Куртинец извлек из кармана листок бумаги, развернул его и положил на столик перед Верным.

Я подошел к столику и взглянул на исписанный крупным, четким почерком листок. Он был измят, и оборванные края его хранили следы клея.

— Целый день провисел, — пояснил Куртинец, — в центре села, на самом виду у жандарма, а тот и пальцем дотронуться до него не посмел. Читайте!

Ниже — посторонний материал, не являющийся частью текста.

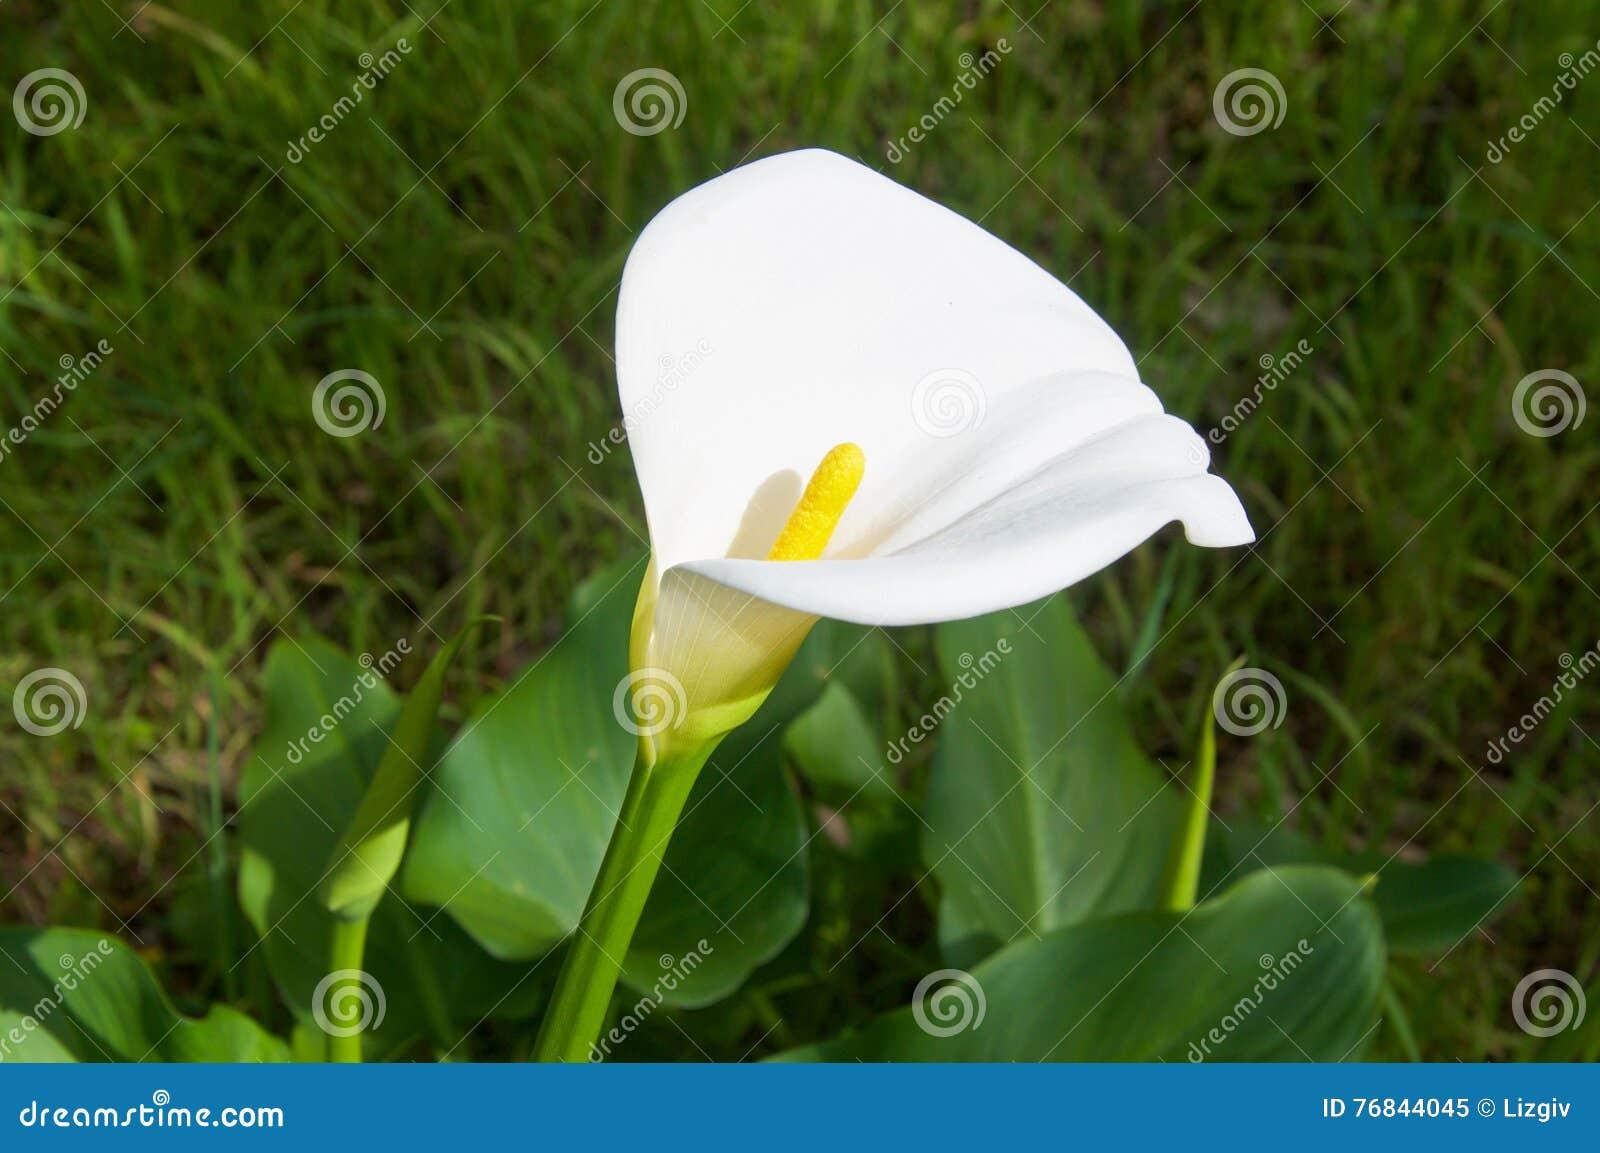 White flower with yellow stem image collections flower decoration white flower with yellow stem images flower decoration ideas white flower with yellow stem choice image mightylinksfo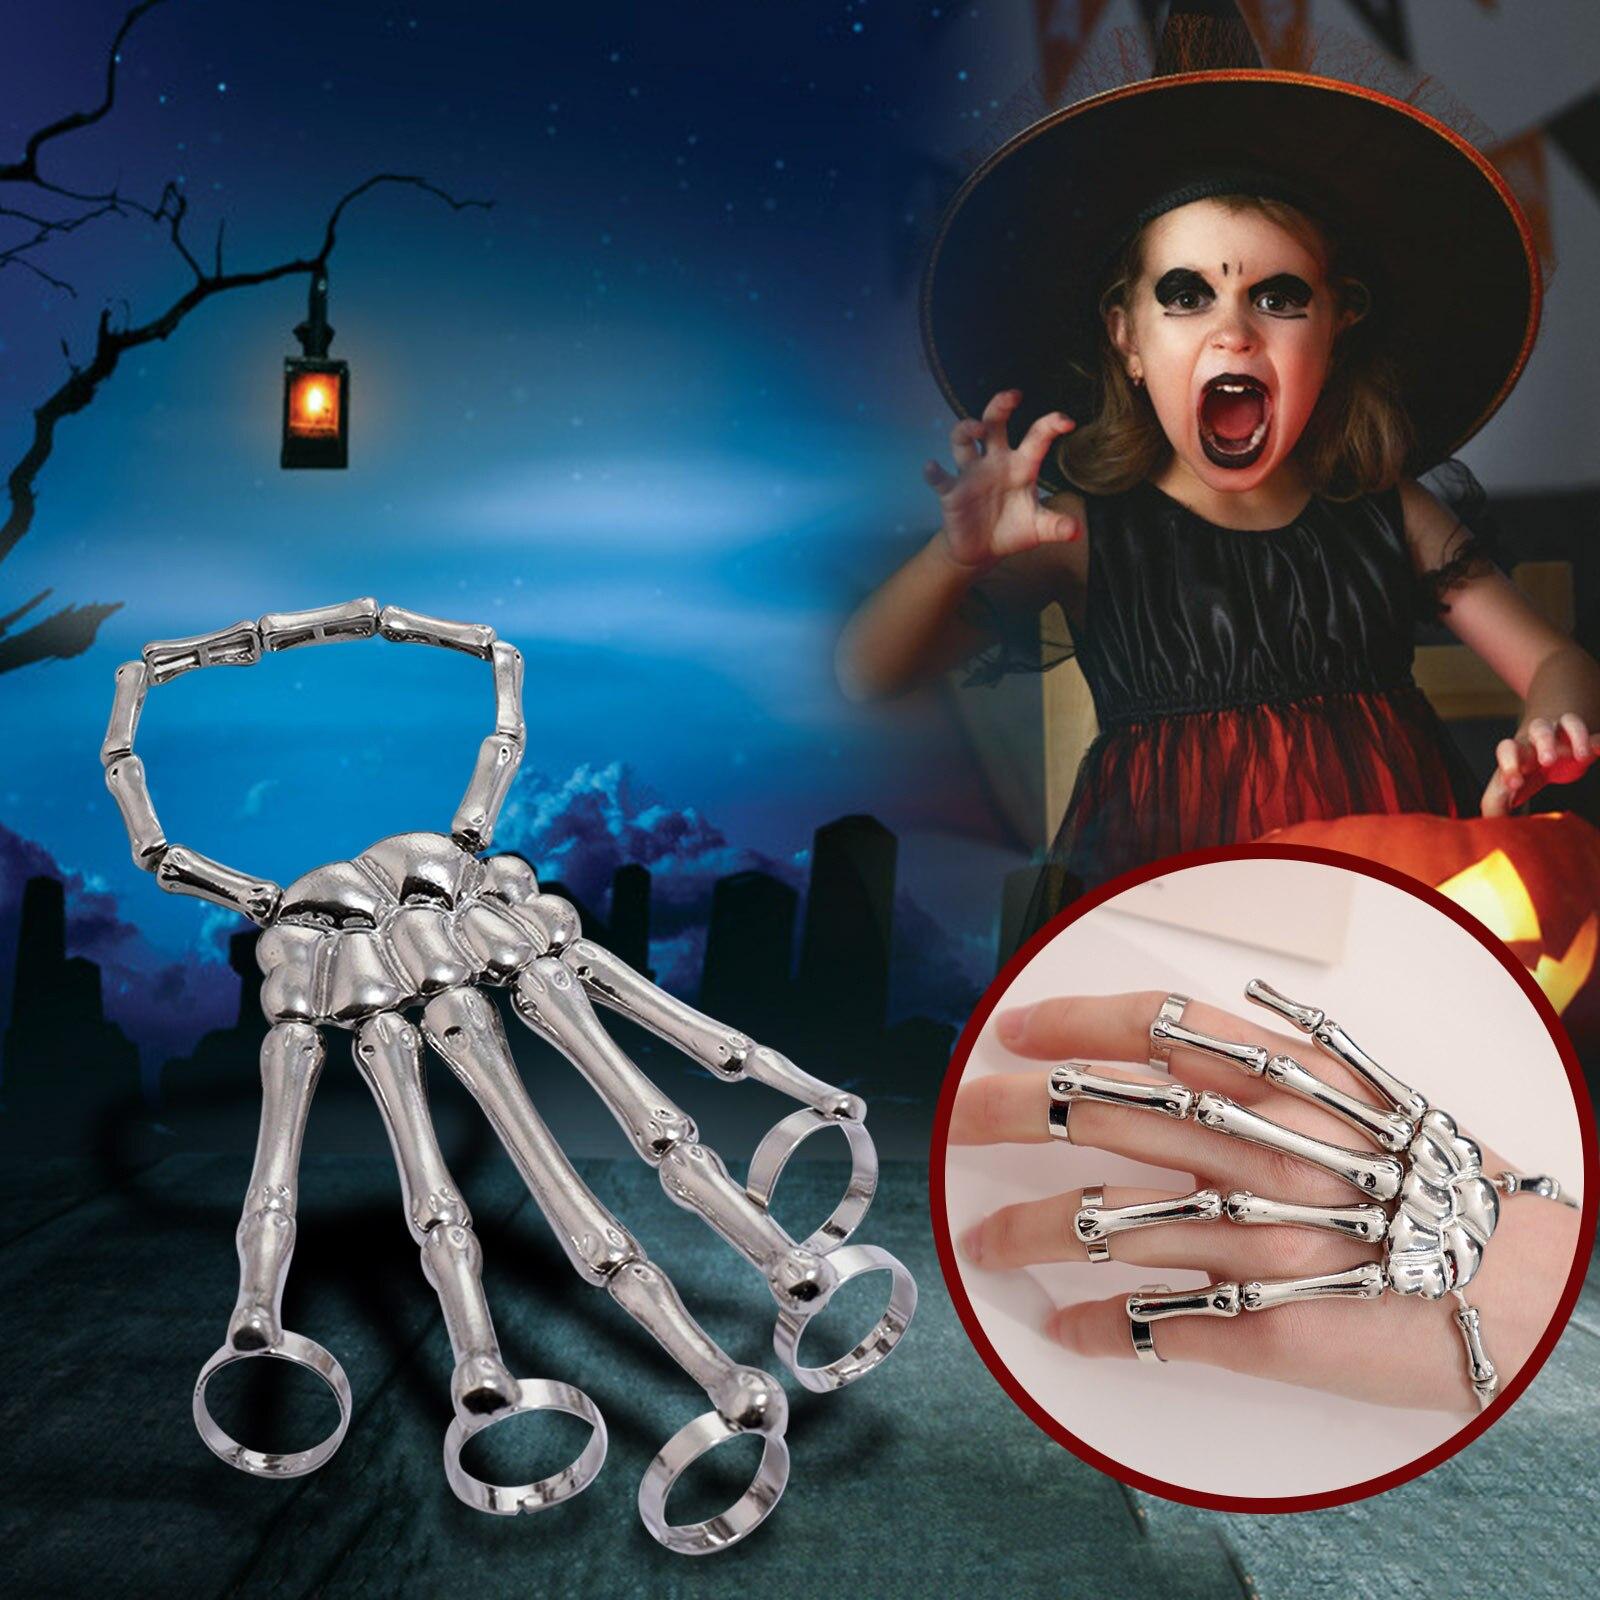 Halloween Bracelet Punk Steam Gothic Hand Skull Skeleton Elastic Adjustable Bangle Femme Party Accessorie Women Man Jewelry Gift

Но читать он нам не дал, а, взяв листок, начал читать сам:

«Постановление Народного комитета села Вилки, восемнадцатого февраля тысяча девятьсот сорок четвертого года, номер одиннадцатый… Первое. Товарищи! Двадцать третьего февраля — праздник Красной Армии, той армии, которая бьет сейчас на фронтах наших лютых врагов и несет нам свободу. Народный комитет объявляет день двадцать третьего февраля праздничным в нашем селе и призывает вас отпраздновать его в каждой хате. Да здравствует Красная Армия!»

Куртинец остановился и обвел нас лукавым взглядом.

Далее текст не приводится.